**Provided data**
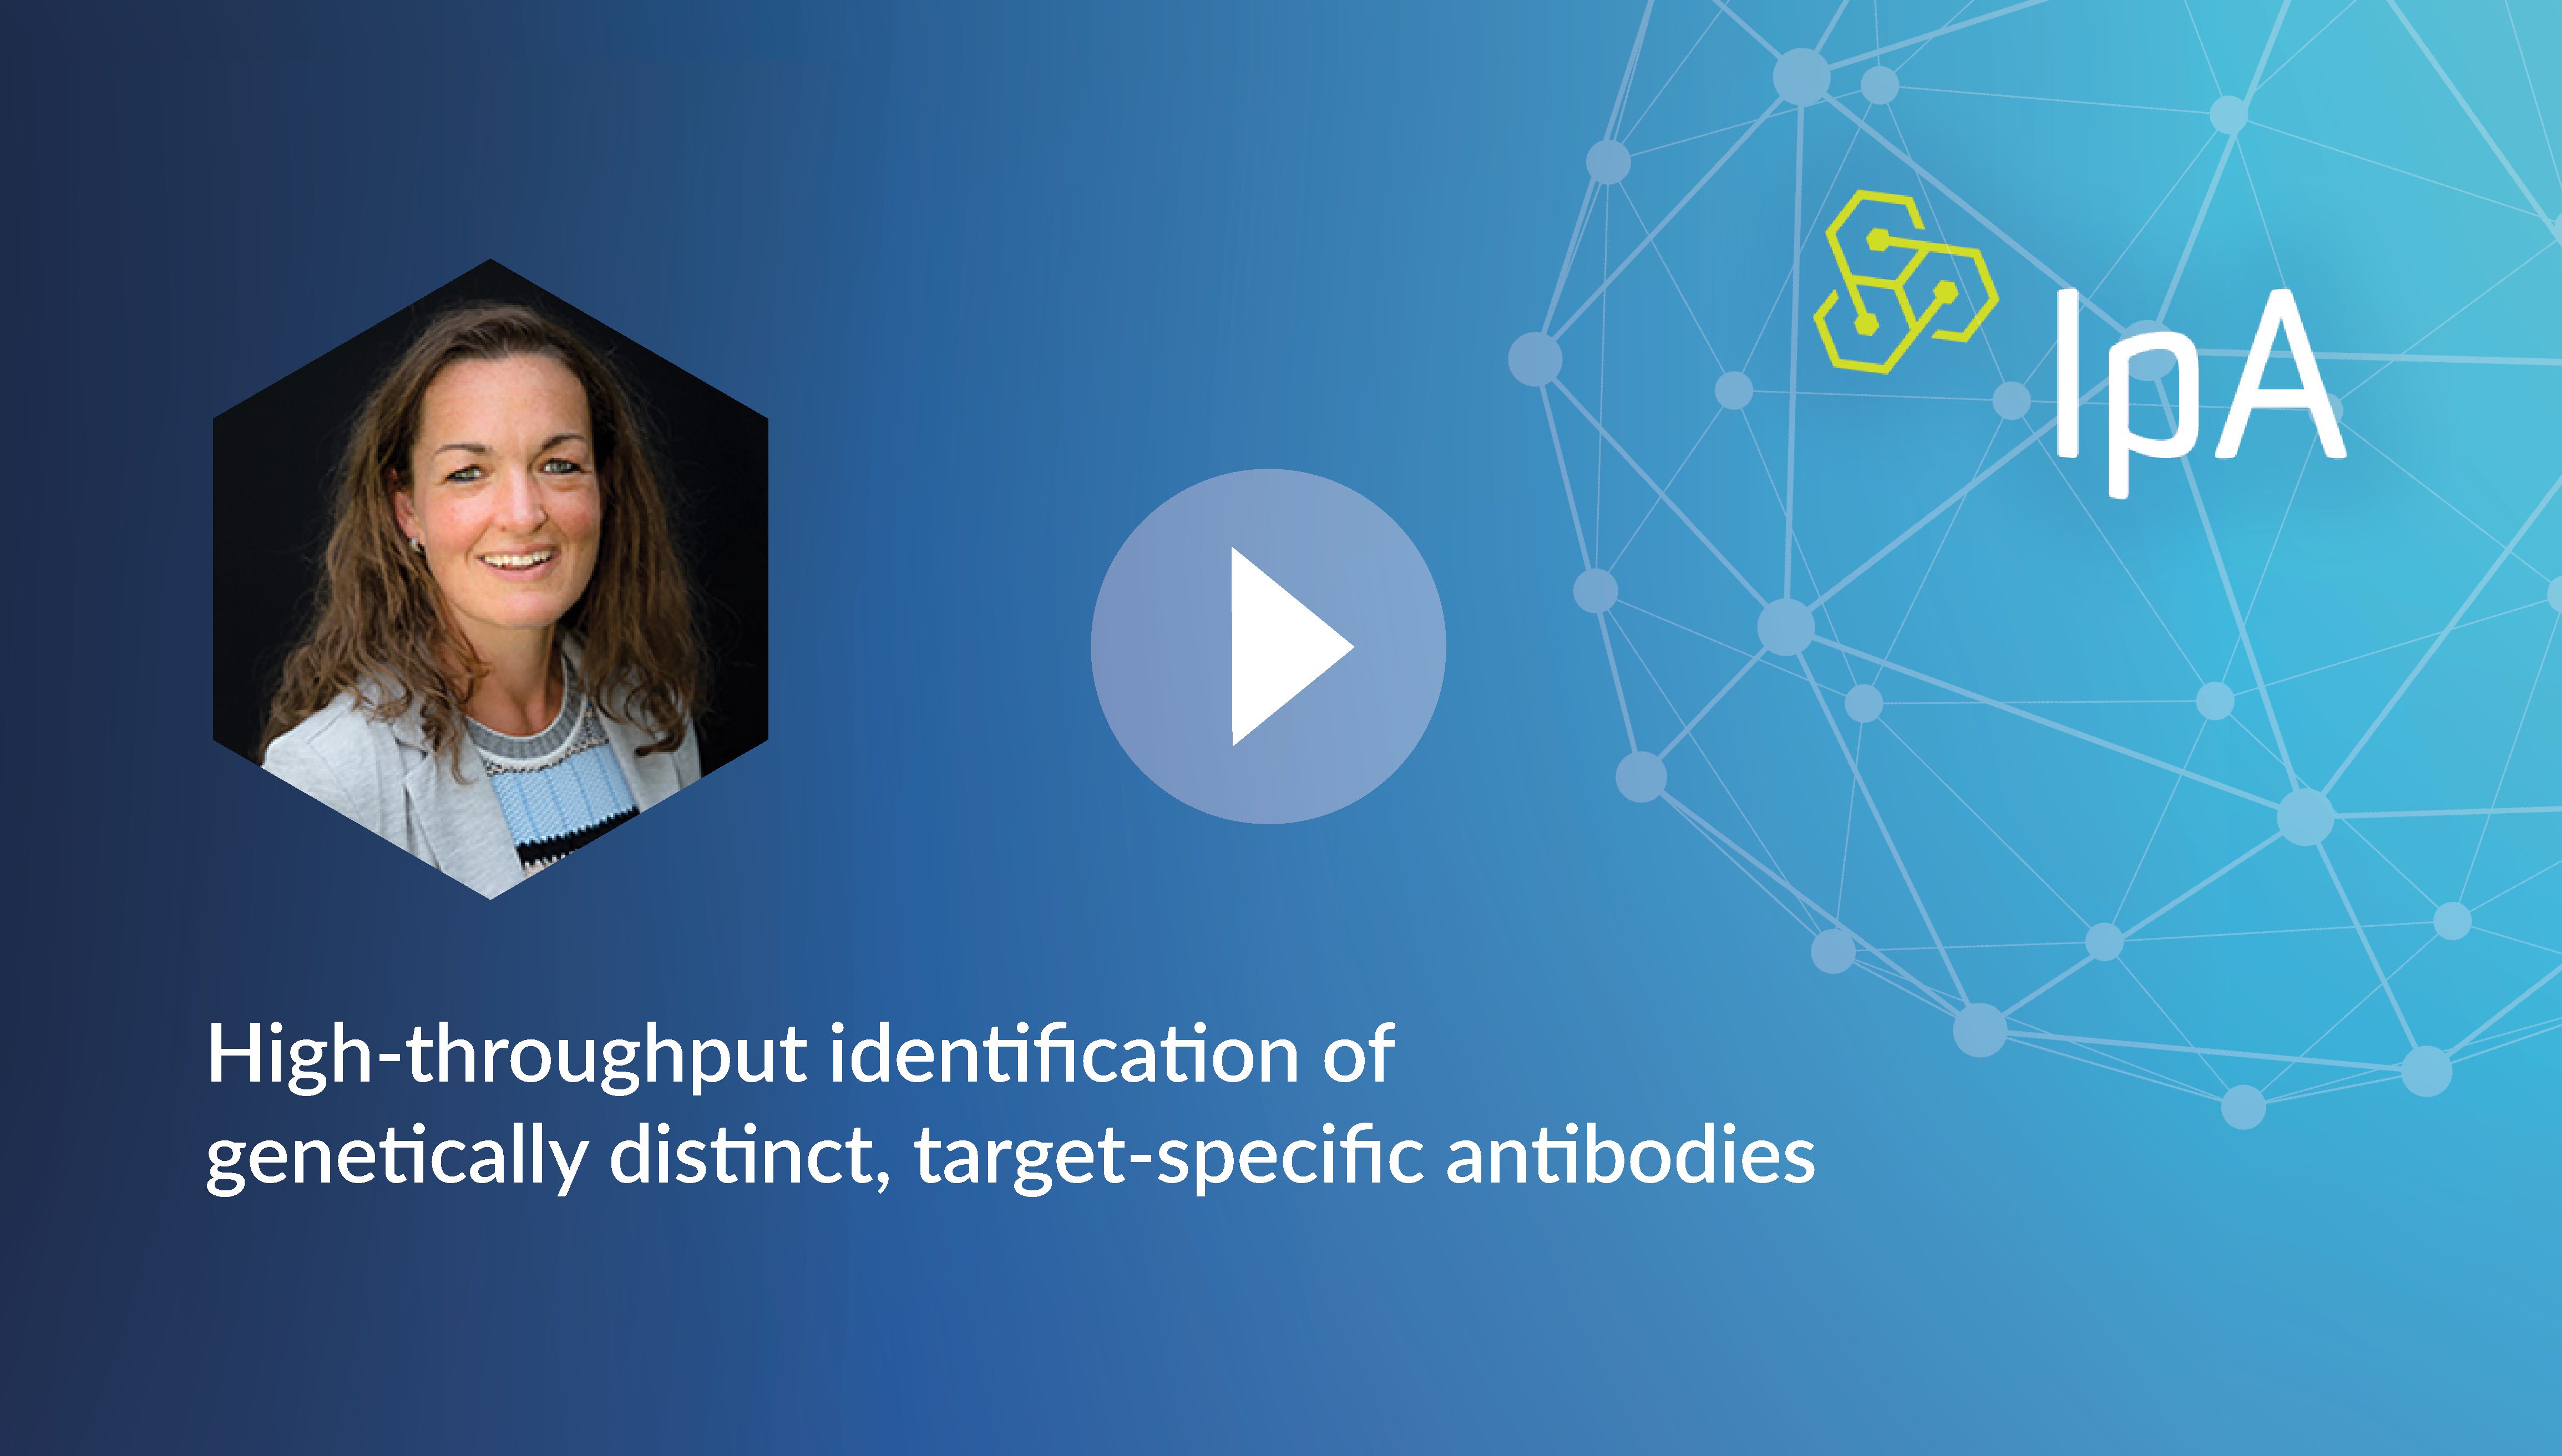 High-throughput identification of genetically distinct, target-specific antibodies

---

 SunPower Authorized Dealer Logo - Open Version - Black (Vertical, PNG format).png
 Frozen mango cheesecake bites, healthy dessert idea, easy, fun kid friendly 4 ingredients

**Exercise**
Each line above from the one with "SunPower Authorized Dealer" up to and including the one with "Frozen mango cheesecake" must be set down exactly, and no line outside that span may appear.

**Output**
 SunPower Authorized Dealer Logo - Open Version - Black (Vertical, PNG format).png
 Frozen mango cheesecake bites, healthy dessert idea, easy, fun kid friendly 4 ingredients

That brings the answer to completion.